### [What to do]
The pictures get dropped, while every remaining part of the listing is copied exactly.

** Recorded data follows **

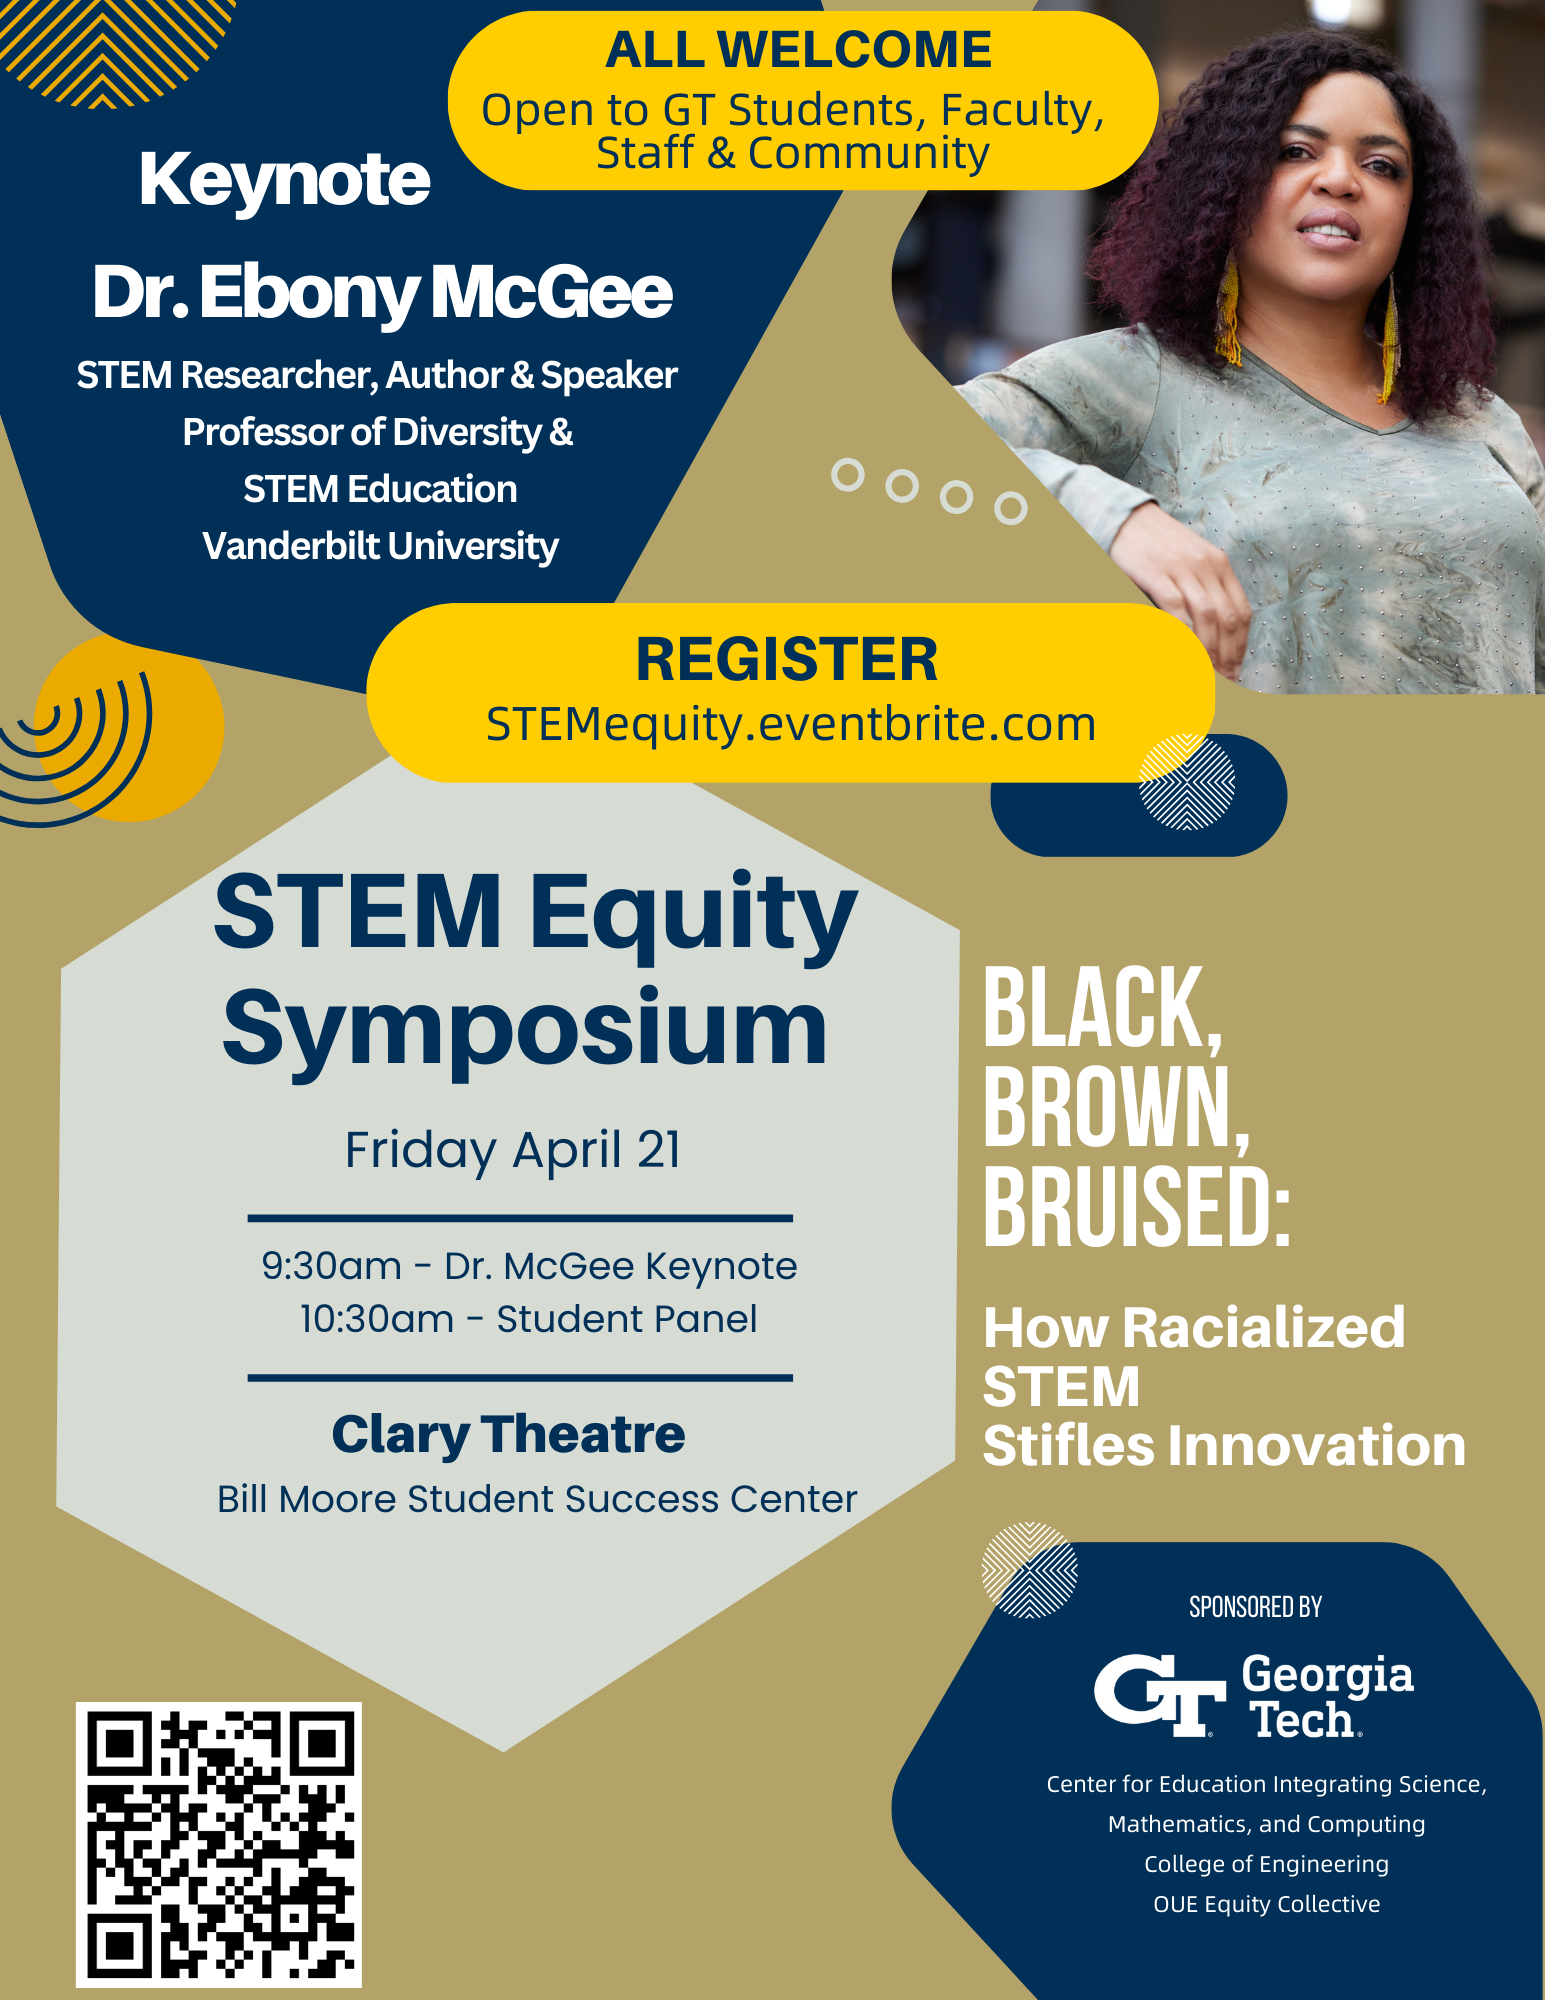 T﻿he&nbsp;STEM Equity Symposium&nbsp;is a collaboration between Georgia Tech's Center for Education Integrating Science, Mathematics, and Computing (CEISMC), the&nbsp;College of Engineering, and the&nbsp;OUE Equity Collective. Our goal is to provide programming that will foster a campus culture and climate that is welcoming for all students, faculty, and staff -- especially in STEM disciplines.
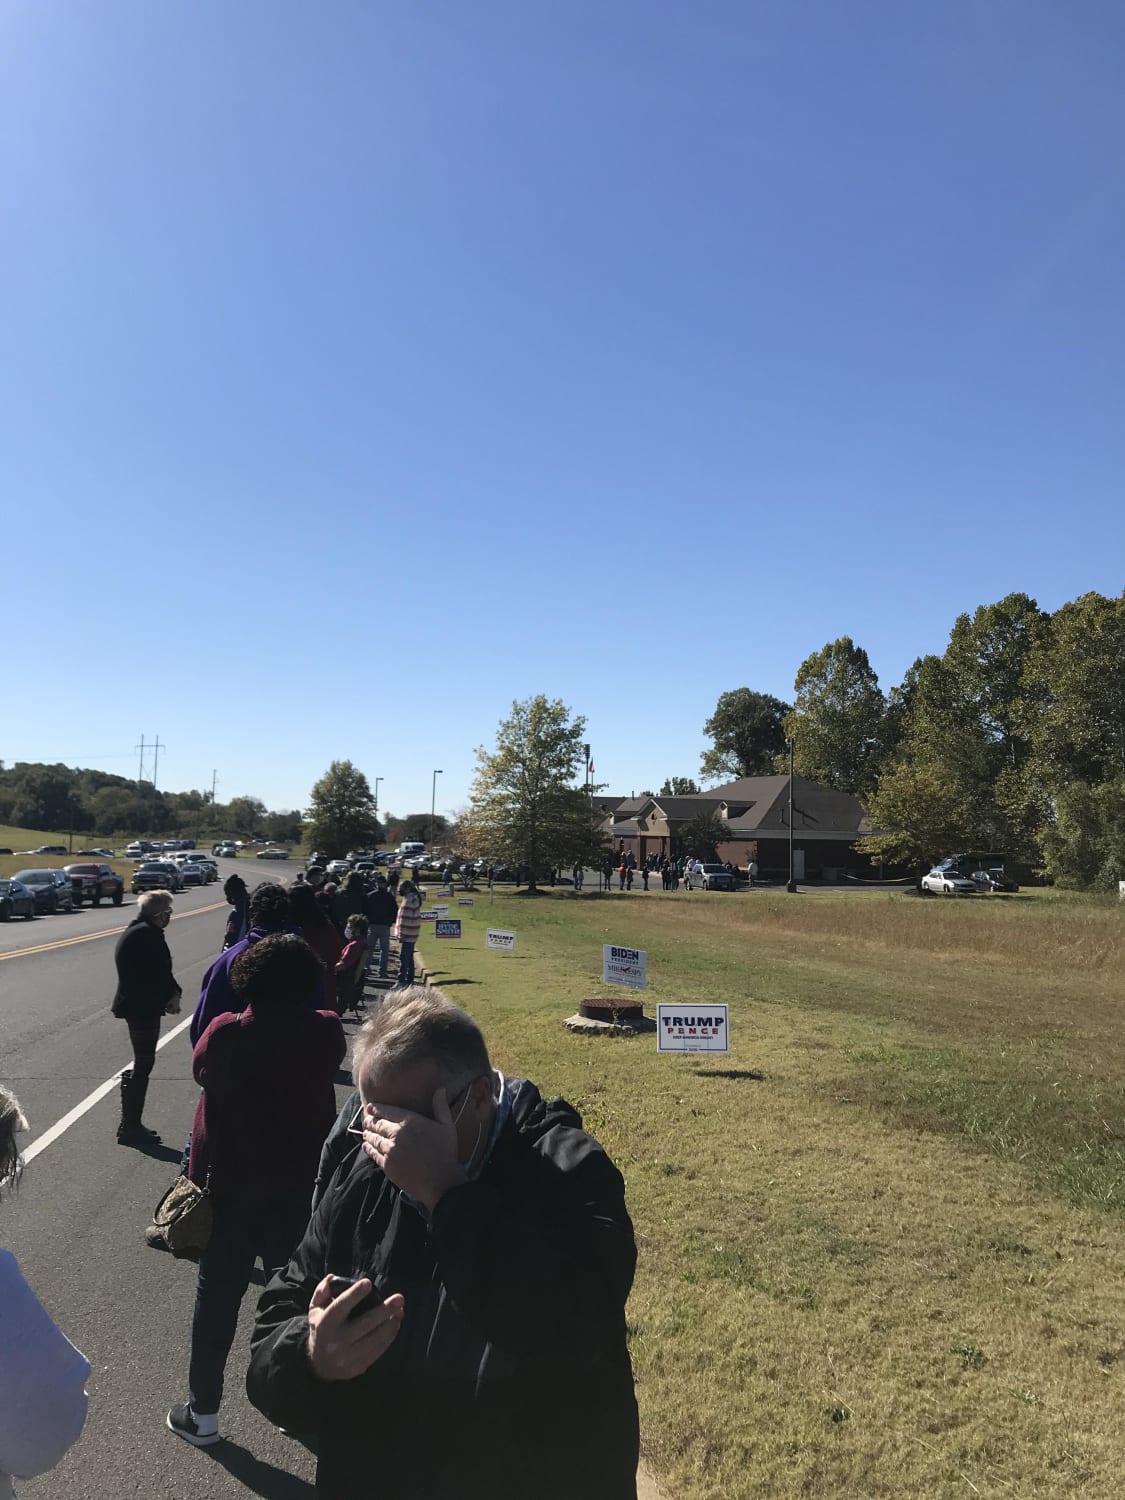 Voting in Mississippi where there is no early voting. Lines are a bit long today
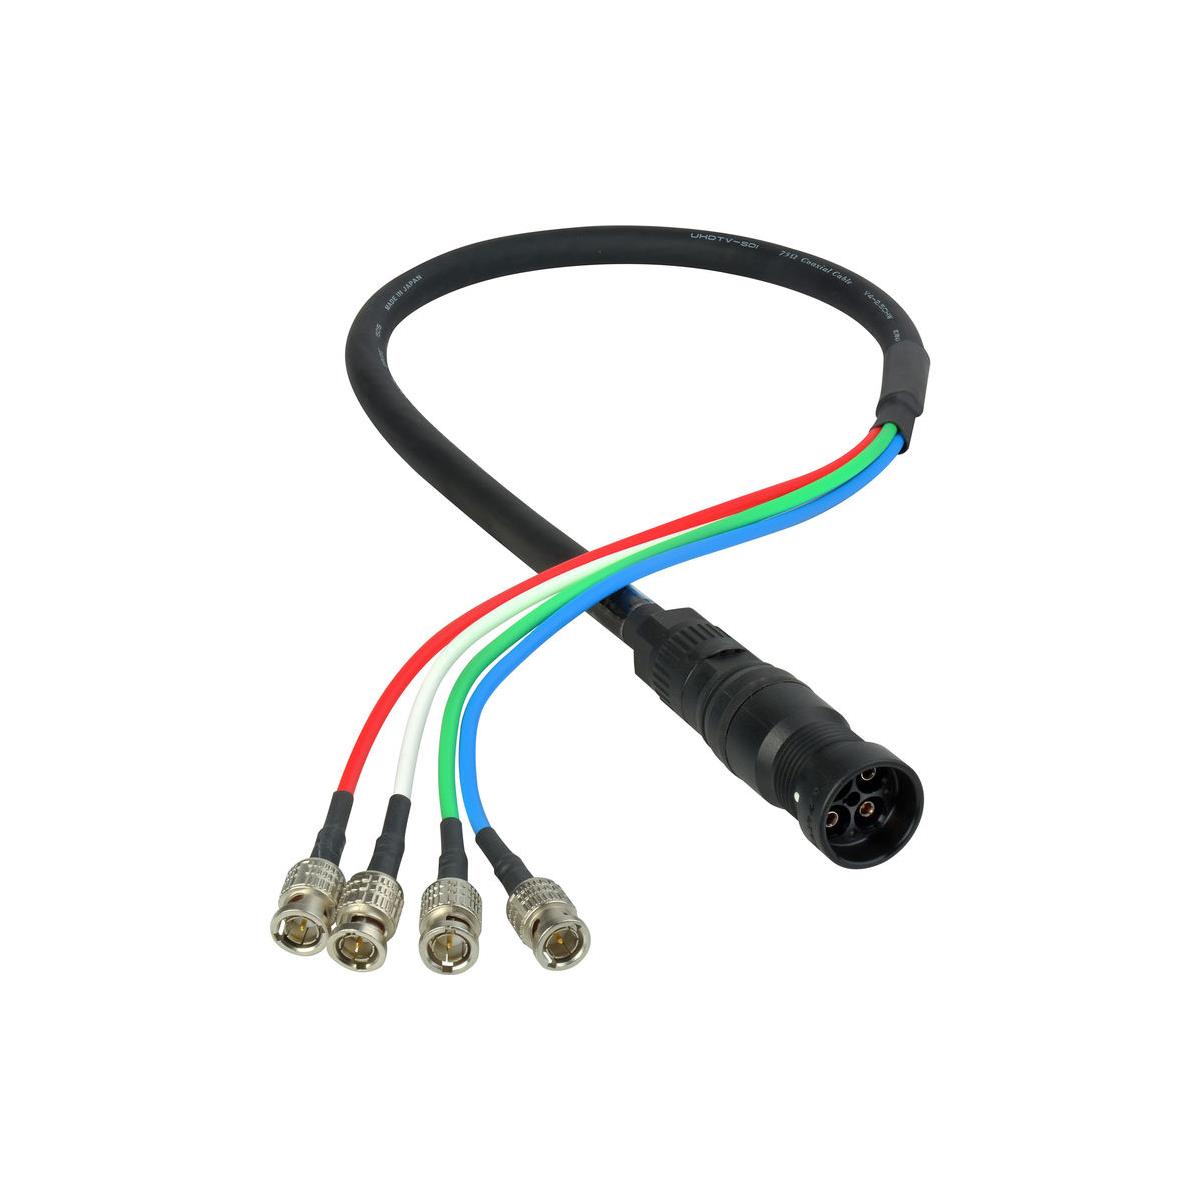 Laird 50' 4K UHD 3G HD-SDI 4-Channel DIN Female to BNC Camera Breakout Cable <b> 4-3G HD-SDI Signal Channel Quick Connect System for 4K/UHD Video Formats </b>One step, quick-connect Laird coax Canare cable assemblies connect 4 channels of 3G HD-SDI signals for 4K/UHD video formats. The Laird cables are assembled with Canare 4 channel, V4-2.5CHW flexible coaxial cable, allowing a break out to 4 Canare BNC or 4 DIN connectors. The Canare male connector, MDM-V4C25HW is designed to mate with the MDF-V4JRU panel mount receptacle which features a 4 DIN pass-through on the back side to increase your connectivity but not your rack space. Laird 4K UHD Canare camera cables assemblies make quick work of keeping everything in line and organized. Available in a variety of lengths. Use with the Canare MDF-V4JRU 4K DIN 1.0/2.3 4-channel chassis mount connector.• Quick connect and disconnect• Multiple 3G-SDI signals to 4K/UHD formats• Canare cable with solid and lightweight nylon resin body• Push-pull locking Canare coax connectors with protective rubber boots• High performance Canare BCP-B25HW BNC or 4 DCP-C25HD DIN connectors• Made in the USA in a Canare trained fiber shop• Canare V4-2.5CHW 4-Channel 4K 75Ohms Coaxial Cable• 4 DIN 1.0/2.3 connectors• MDF-V4JRU accepts MDM-V4C25HW and also DIN 1.0/2.3 plugs<b> Applications </b>• High density 3G-SDI• applications• Mobile trucks• Fly packs• Studios• 4K transmission• Consolidate HD-SDI lines

** End of Recorded data **

### [Completed task]
 T﻿he&nbsp;STEM Equity Symposium&nbsp;is a collaboration between Georgia Tech's Center for Education Integrating Science, Mathematics, and Computing (CEISMC), the&nbsp;College of Engineering, and the&nbsp;OUE Equity Collective. Our goal is to provide programming that will foster a campus culture and climate that is welcoming for all students, faculty, and staff -- especially in STEM disciplines.
 Voting in Mississippi where there is no early voting. Lines are a bit long today
 Laird 50' 4K UHD 3G HD-SDI 4-Channel DIN Female to BNC Camera Breakout Cable <b> 4-3G HD-SDI Signal Channel Quick Connect System for 4K/UHD Video Formats </b>One step, quick-connect Laird coax Canare cable assemblies connect 4 channels of 3G HD-SDI signals for 4K/UHD video formats. The Laird cables are assembled with Canare 4 channel, V4-2.5CHW flexible coaxial cable, allowing a break out to 4 Canare BNC or 4 DIN connectors. The Canare male connector, MDM-V4C25HW is designed to mate with the MDF-V4JRU panel mount receptacle which features a 4 DIN pass-through on the back side to increase your connectivity but not your rack space. Laird 4K UHD Canare camera cables assemblies make quick work of keeping everything in line and organized. Available in a variety of lengths. Use with the Canare MDF-V4JRU 4K DIN 1.0/2.3 4-channel chassis mount connector.• Quick connect and disconnect• Multiple 3G-SDI signals to 4K/UHD formats• Canare cable with solid and lightweight nylon resin body• Push-pull locking Canare coax connectors with protective rubber boots• High performance Canare BCP-B25HW BNC or 4 DCP-C25HD DIN connectors• Made in the USA in a Canare trained fiber shop• Canare V4-2.5CHW 4-Channel 4K 75Ohms Coaxial Cable• 4 DIN 1.0/2.3 connectors• MDF-V4JRU accepts MDM-V4C25HW and also DIN 1.0/2.3 plugs<b> Applications </b>• High density 3G-SDI• applications• Mobile trucks• Fly packs• Studios• 4K transmission• Consolidate HD-SDI lines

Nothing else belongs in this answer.